COVID is technically still a thing, of course. But most of us have long since shed our masks. Mandates and shutdowns have faded into the distance. It's been more than a year since we had a major spike in deaths. The pandemic — in the sense of the fundamental world-changing event — is over.
And yet, Whitworth University professor and inventor Philip Measor has been working on a way to reinvent the COVID test. Not the iffy rapid antigen test that you may have conducted at home, but the professional gold standard test that can take a long time to get results.
He thinks he can make that test smaller. And smaller means cheaper. Smaller means faster.
"They've shown already that you can use these types of devices to reduce the time to test from six hours to 30 minutes," Measor says. "This is the general concept of the 'lab on a chip,' trying to miniaturize functionality that can be done in an entire lab on a small chip. There's many, many different applications."
In fact, they've already done it.
To be clear, Measor and his team of Whitworth students didn't test actual COVID. It was synthetic, a completely inert version of DNA strands encoded with key pieces of the virus.
"We made probes that could detect all strains and subvariants of COVID-19," he says.
But whereas a regular PCR (which stands for polymerase chain reaction) test takes place within a device about the size of a cubic foot, Measor's device has been shrunk to less than a square inch. And the testing instrument itself? Less than 200 microns, or about the width of two human hairs.
It's not the first time he's experimented with such a thing.
"I've already done a startup company in 2010 and 2012, where I was trying to make something to address the H1N1 pandemic," Measor says.
But back then, it was far too pricey to make the kinds of semiconductor chips he was using. But one thing changed that: 3D printing. Suddenly, the economics had been flipped.
"It would be 100 times cheaper and 100 times faster to make. This is the main competitive advantage that we can use to penetrate the market," Measor says. "I could make small enough structures that I could actually make some useful devices. That's when I started the microdevices lab at Whitworth."
The smaller the testing instrument, counterintuitively, the faster the PCR test can run.
The way the PCR test works is that it uses reagents to amplify the sections of a genome that you want to study. But the more area the reagents have to work with, the longer it takes for the reagents to find the sections to amplify.
To oversimplify, imagine how long it takes an audience doing "the wave" to get around a stadium compared to how long it takes to get around a kitchen table. Or imagine how zombies can conquer a single bar much faster than an entire city.

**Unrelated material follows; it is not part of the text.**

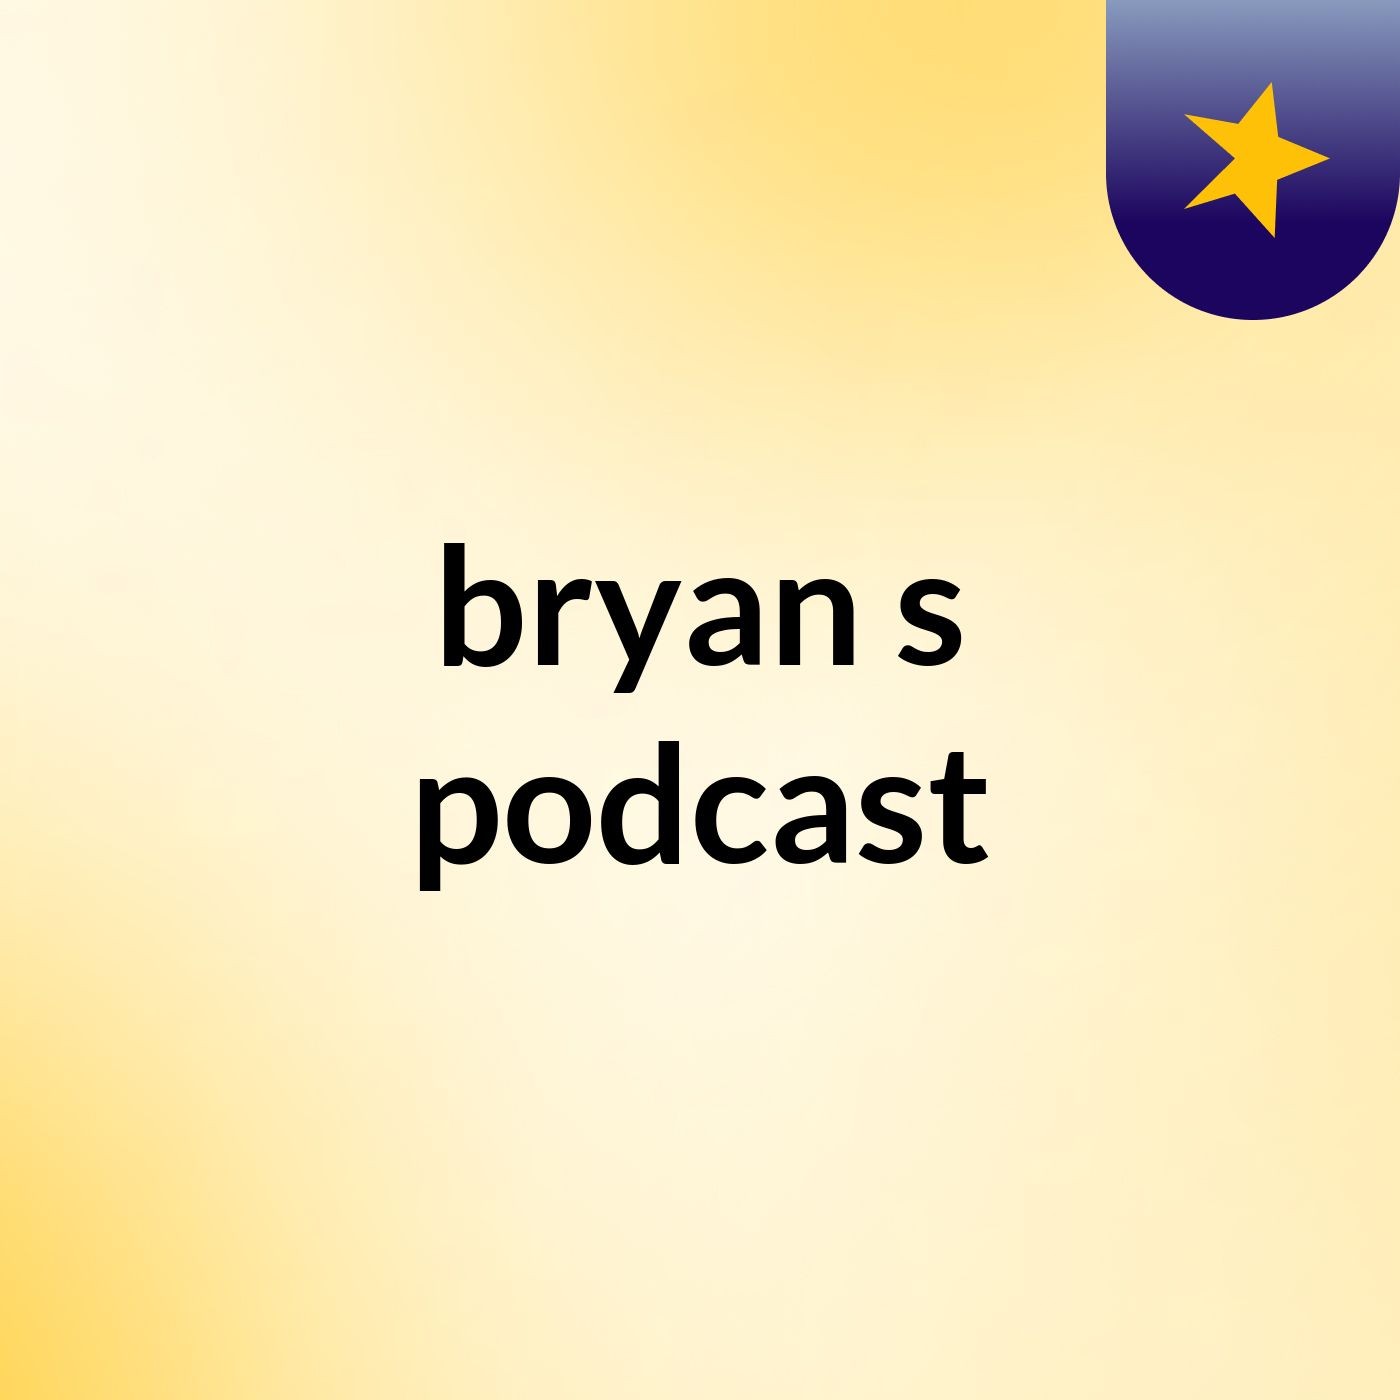 bryan's podcast

But if you shrink the test enough, you can slash the testing time dramatically. Considering that these kinds of COVID tests were a lot more reliable than the kinds of tests you get in the mail, that could matter quite a bit. You make, say, testing outside of an important venue theoretically possible. And much more.

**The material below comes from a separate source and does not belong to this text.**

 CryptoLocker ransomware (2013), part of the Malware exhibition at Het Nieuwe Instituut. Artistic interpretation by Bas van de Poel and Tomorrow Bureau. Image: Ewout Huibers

Here, of course, is the point where any skeptical journalist will be overcome with distraction about Elizabeth Holmes, Theranos and Bad Blood: The Silicon Valley woman who captured the heart of countless investors — and WalGreens — with the promise that just a drop of blood could be analyzed with a "MiniLab" and, within a short period of time, spit out an analysis of everything from potassium levels to Ebola.
But it was a fraud. The problem was not just that the technology was fictional, but effectively scientifically impossible — the sheer number of tests the company promised to do on a single drop of blood wasn't workable.
What Theranos was pitching was trying to do too much with such a small sample size.
"If your volume is too low, you won't have even one single copy of that virus in that sample," Measor says. "You could get a false negative."
What's different here, Measor points out, is that he's shrinking the lab size, not using less of the sample. The sample can be concentrated, but you still have the same amount of relevant material.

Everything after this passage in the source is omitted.